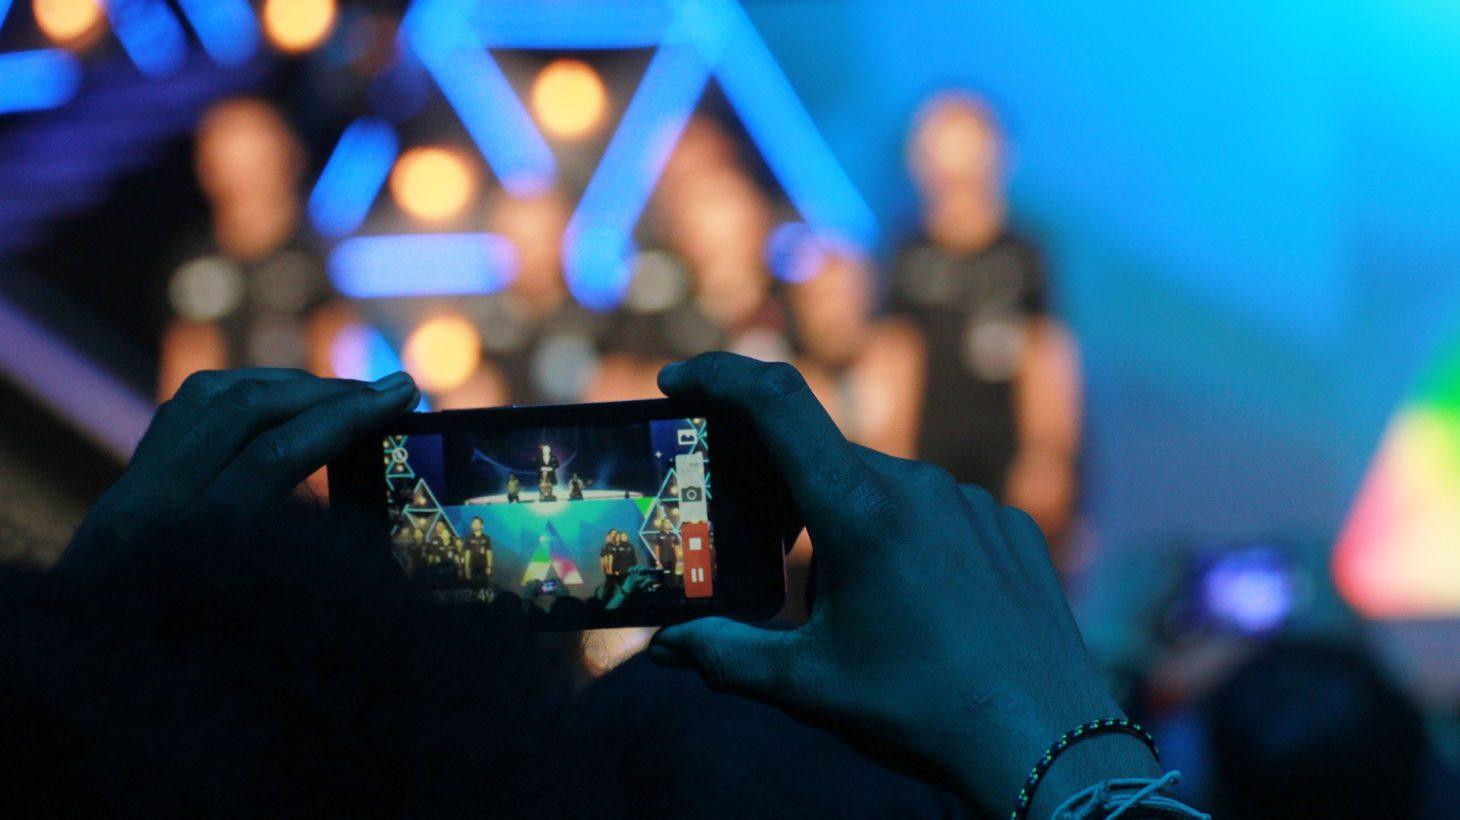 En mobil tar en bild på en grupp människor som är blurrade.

***

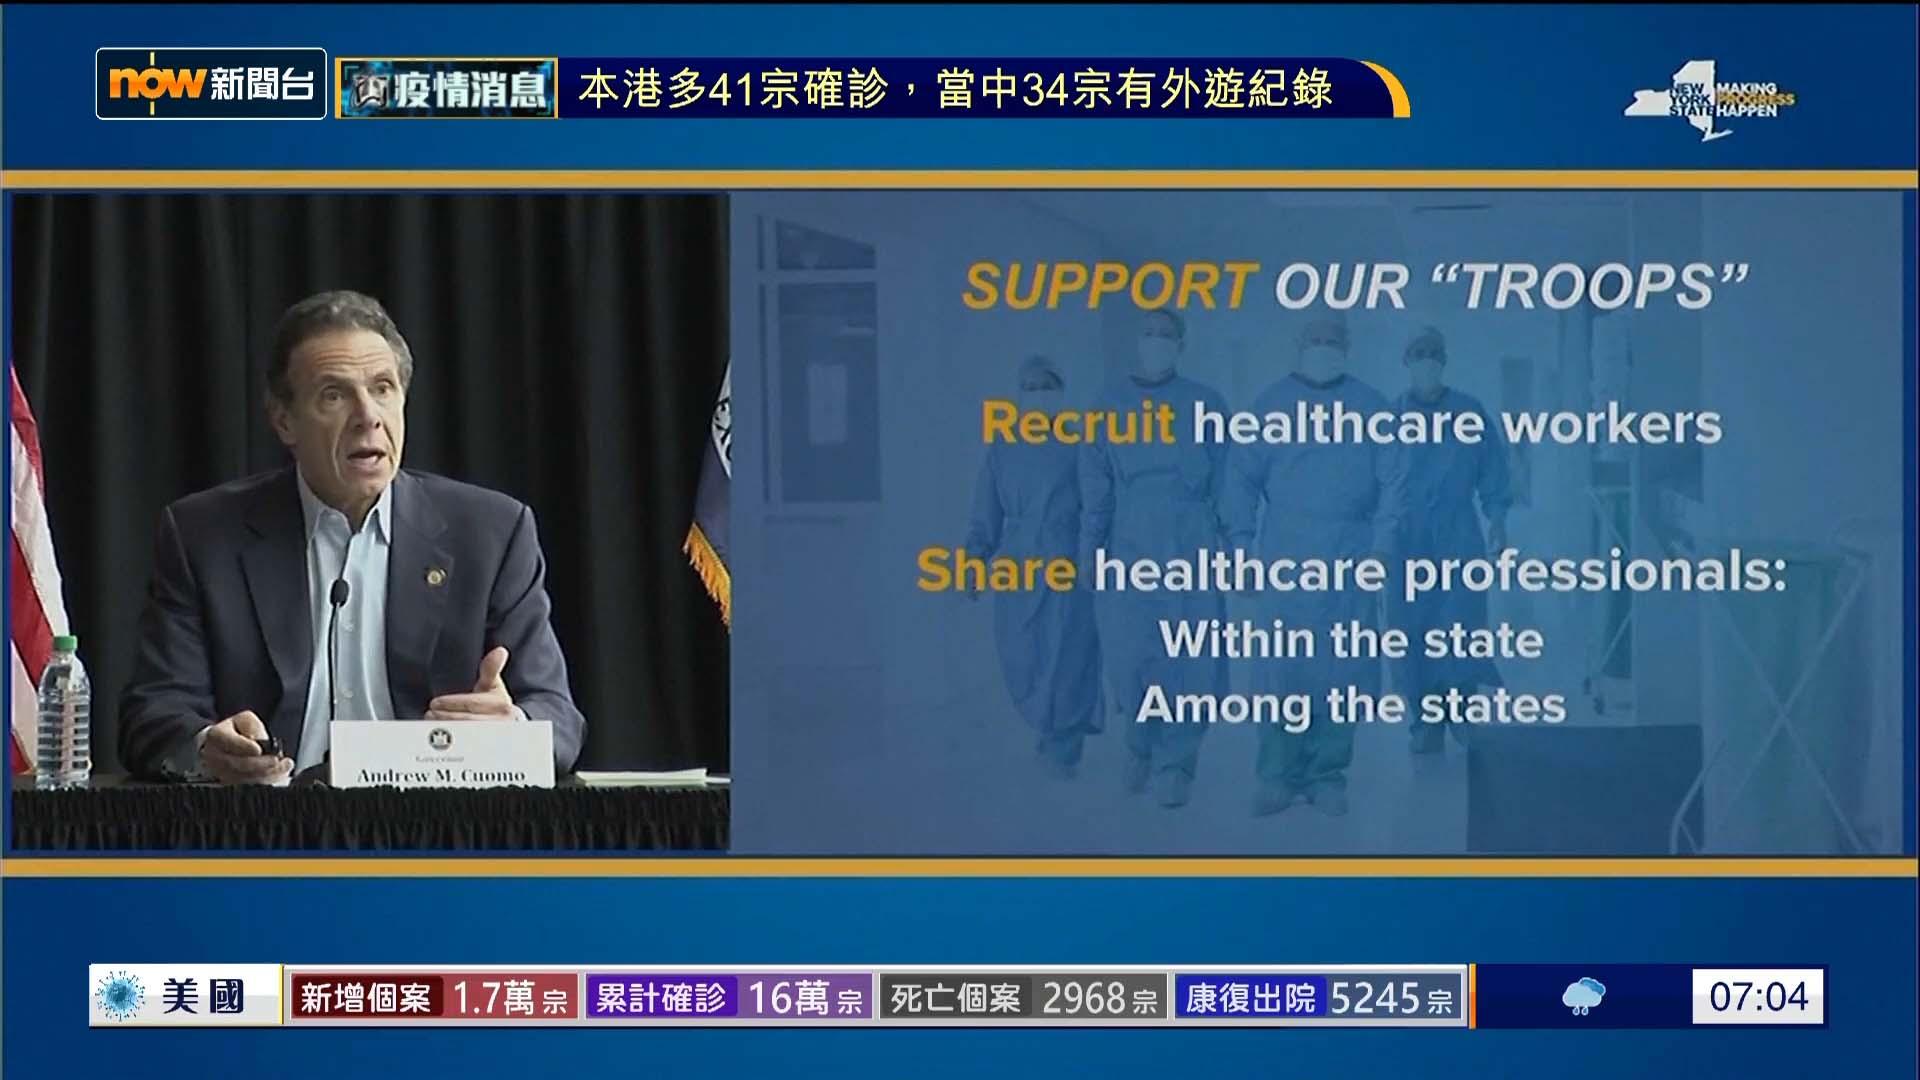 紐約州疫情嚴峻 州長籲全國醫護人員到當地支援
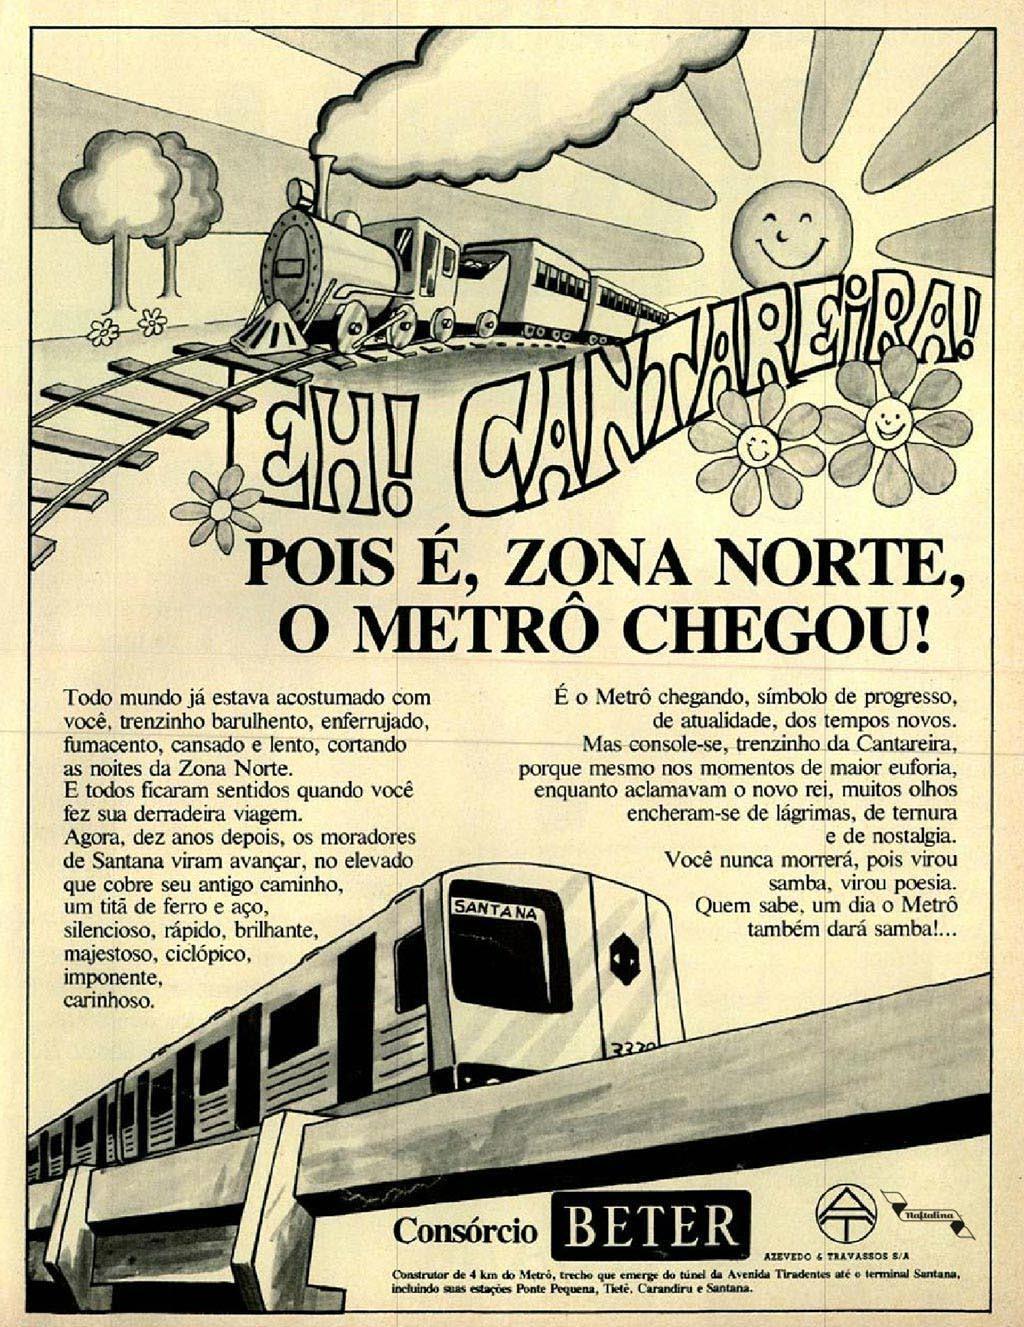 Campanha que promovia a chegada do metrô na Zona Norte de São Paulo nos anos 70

***

**Work request:** Copy out exactly the material that runs from the line with "紐約州疫情嚴峻 州長籲全國醫護人員到當地支援" to the line with "Campanha que promovia", ends included, and leave the pictures behind.

**Solved problem:**
 紐約州疫情嚴峻 州長籲全國醫護人員到當地支援
 Campanha que promovia a chegada do metrô na Zona Norte de São Paulo nos anos 70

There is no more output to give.